Step Two: make peanut butter. Peanuts were hard to find in our town as well. Only two women sell them and we bought them out. Dry roast peanuts, blend with salt until peanut butter is achieved.  See recipe here.

Step Three: make tofu. This process deserves it’s own post. Soybeans are available all over Peru. I have yet to see ANY local use them (except for occasional small towns that produce soy milk to sell to passing buses—buy it! It’s delicious).

Step Four: Give up on the search for mung beans or sprouting anything at all, for that matter. Pesticide use is prevalent in all of South America, thanks to the US banning certain nasty chemicals in the US (which means they still make it, but sell it to South America. yuck!) I am not interested in consuming pesticide-ridden sprouts.

My block of tofu! Ignore the mess.

Step Five: Find spinach. The lack of green vegetables makes me very sad indeed. Local markets have an abundance of starches, tubers, roots and tomatoes but the color green is rare. I asked around and was sent to an old lady’s house down the street. She wasn’t home, but her husband let me into her garden and pick what I wanted (no charge). She didn’t have spinach, but there was chard and I grabbed some of that just in case…After about an hour of locals sending me every which way, I was told that some man who works with the TV antennas has a garden and might have spinach. It took me about another hour to find his house, walking around town and asking everyone. I didn’t really understand what they were talking about, antennas and such. I thought he was a local repair man or something. Nope. Finally, I got good directions and climbed the hill to the cemetery and took a steep dirt path along the cemetery’s outer wall and reached a house of rude children and angry dogs. The next house up, located right next to the giant TV antennae for the town, was Max’s. His helpful family trudged with me through his farm at dusk to pick every last leaf of spinach on their farm. I had enough for my dinner for 4 and a happiness to see a local growing broccoli, chard, figs, apples, celery and more.

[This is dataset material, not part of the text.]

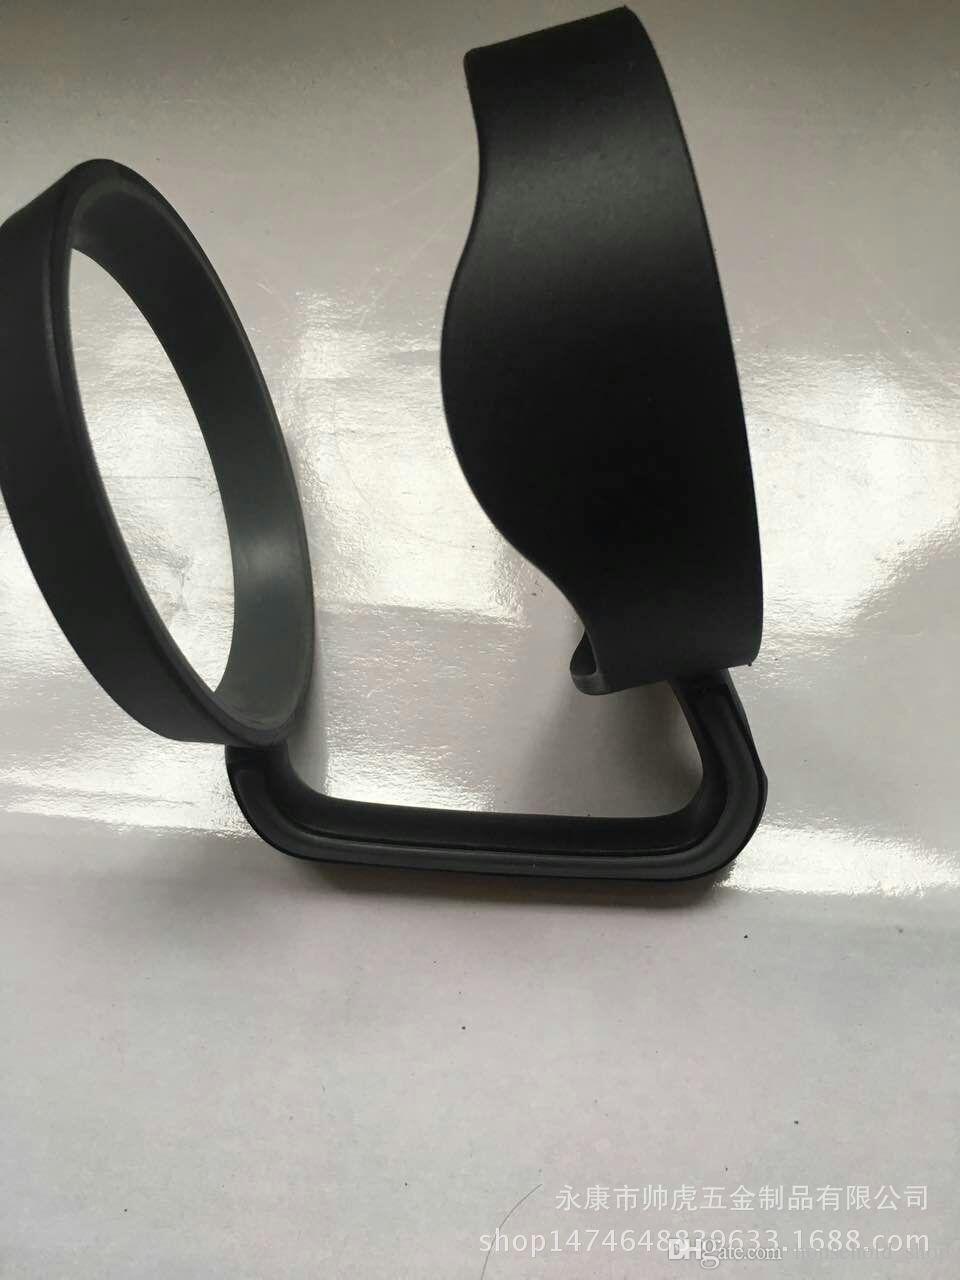 Titular canecas ForRocky Mountain Handle 840 ml Copo De Plástico Preto Punho Mão Titular Fit Canecas de Viagem Drinkware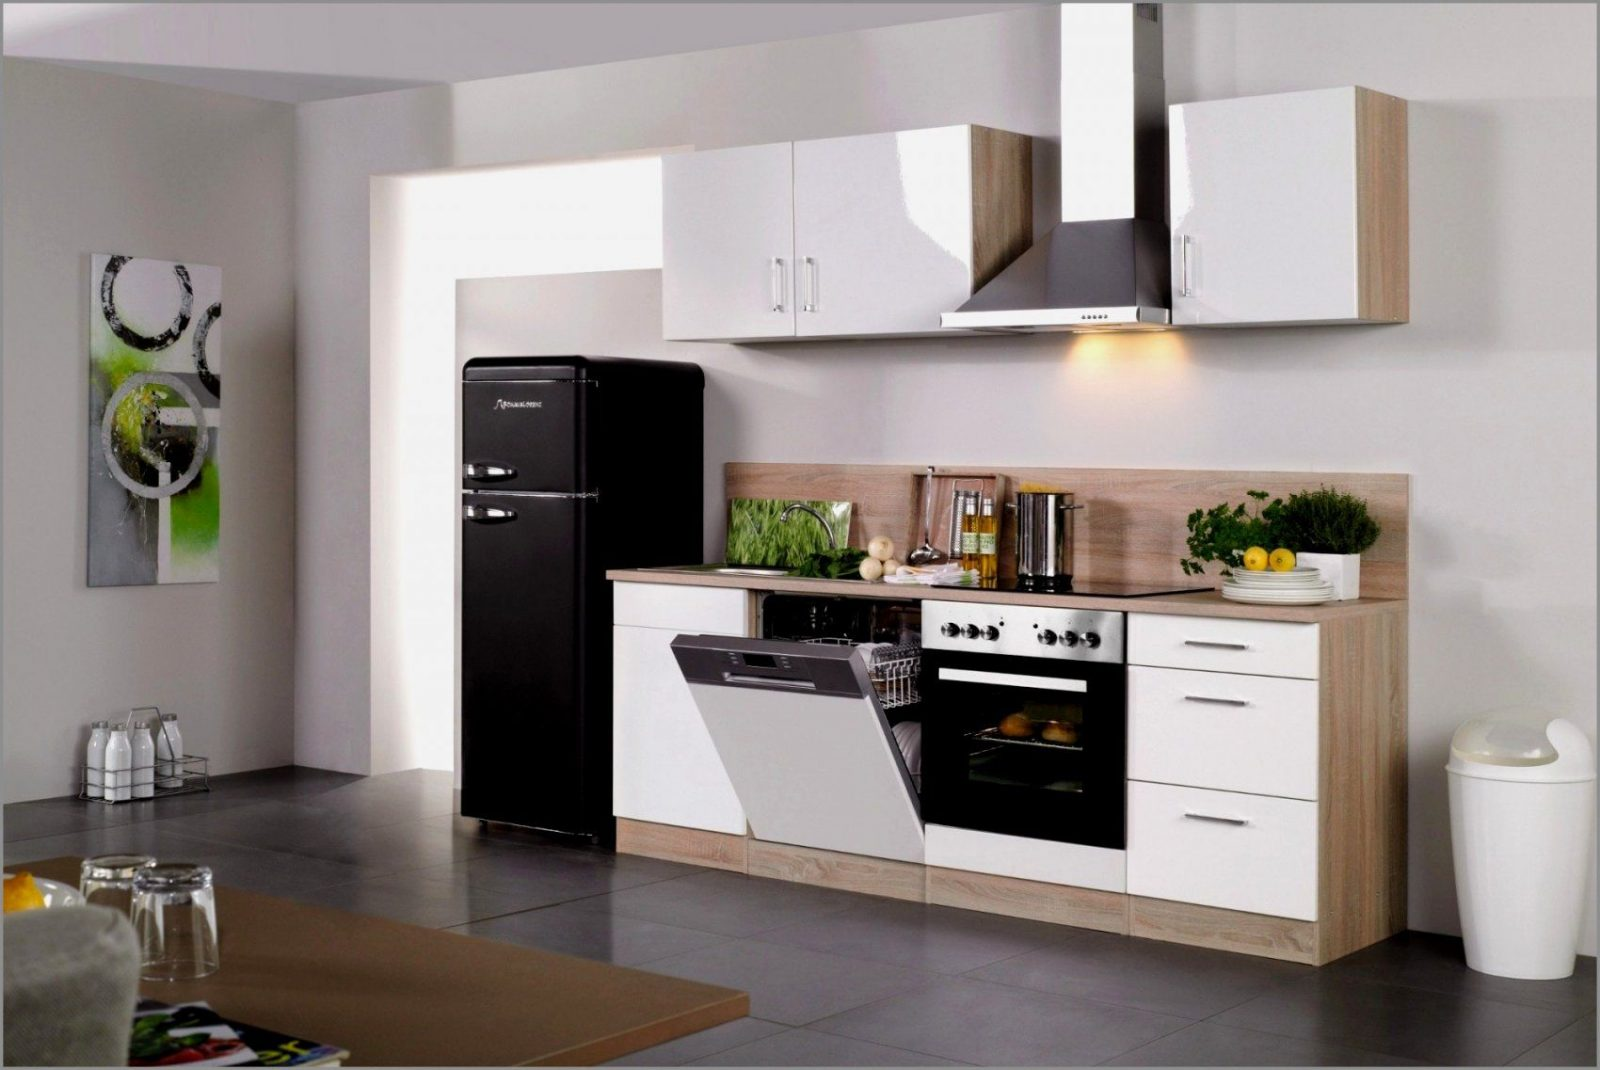 Küchenzeile Ohne Geröte Fresh Nett Gebrauchte Einbauküchen Mit von Küchenzeile Mit Elektrogeräten Ohne Kühlschrank Photo

But I digress. Spinach with the earth still clinging to them went into my pockets and I made it back home in time to finish my dinner. Steam rice, fry tofu, make peanut sauce (using local aji chilies!) and plate. Eat and bask in the pleasure that it is to create a meal completely from local sources, zero packaging, zero middlemen, and knowing that you can make Swimming Rama wherever you are. Life is good.

PS Sorry the pictures are lame, the lighting was not the best.

Recipe for Swimming Rama (Serves 4)
Canola oil (or other, for frying)
1 Tbl aji, minced (the orange one or 1 tsp rocoto/jalapeno)
1 tsp ginger, minced
1 tsp garlic, minced
1/3 cup natural peanut butter (or use normal but don’t add sugar/salt)
1 tsp soy sauce
2 tsp lime juice
1 Tbl sugar
1/2 tsp salt
1/2 tsp ground black pepper
1/2 cup coconut milk
1 lb. firm tofu, drained and cubed
2 lbs. fresh spinach, washed and torn if big
Rice of your choice, cooked as you wish
Peanuts, toasted and chopped

1. Cook rice and drain tofu.
2. Heat a little oil (1/2 tsp) in a saute pan over medium heat. Saute aji, ginger and garlic about 30 seconds.
2. Add remaining ingredients (up to coconut milk) and simmer 1 minute.
3. Slowly add coconut milk, whisking to incorporate and season to taste (salt, lime, aji).
4. Remove from heat and hold until ready.
5. Heat oil in a saute pan (for shallow fry) or a wok or deeper pan (for deep fry). When the oil is hot (test with a drop of water, if it sizzles, it’s ready), add tofu and fry until golden brown and crispy. Be careful not to get splattered with oil. Drain on paper towels.
6. To serve, scoop rice, add spinach and tofu and cover with the sauce. Garnish with peanuts and enjoy! I also like it with mung bean sprouts but those weren’t available in Peru.

3 Responses to “Nadando Rama. An effort to make Thai food in a small mountain village.”

  1. Chantal Says:

    Wow… that’s a lot of work for one meal >__<

    I’ve never had Swimming Rama but it does sound delicious (mmmmh, PB sauces…). Thankfully, all the ingredients are available at Wong. I don’t think I’d have the courage to do all the work myself although I’d love to learn to make my own tofu.

  2. kimmykokonut Says:

    It was exhausting! I’ll post my recipe for the shortcut version. Let me know how it goes.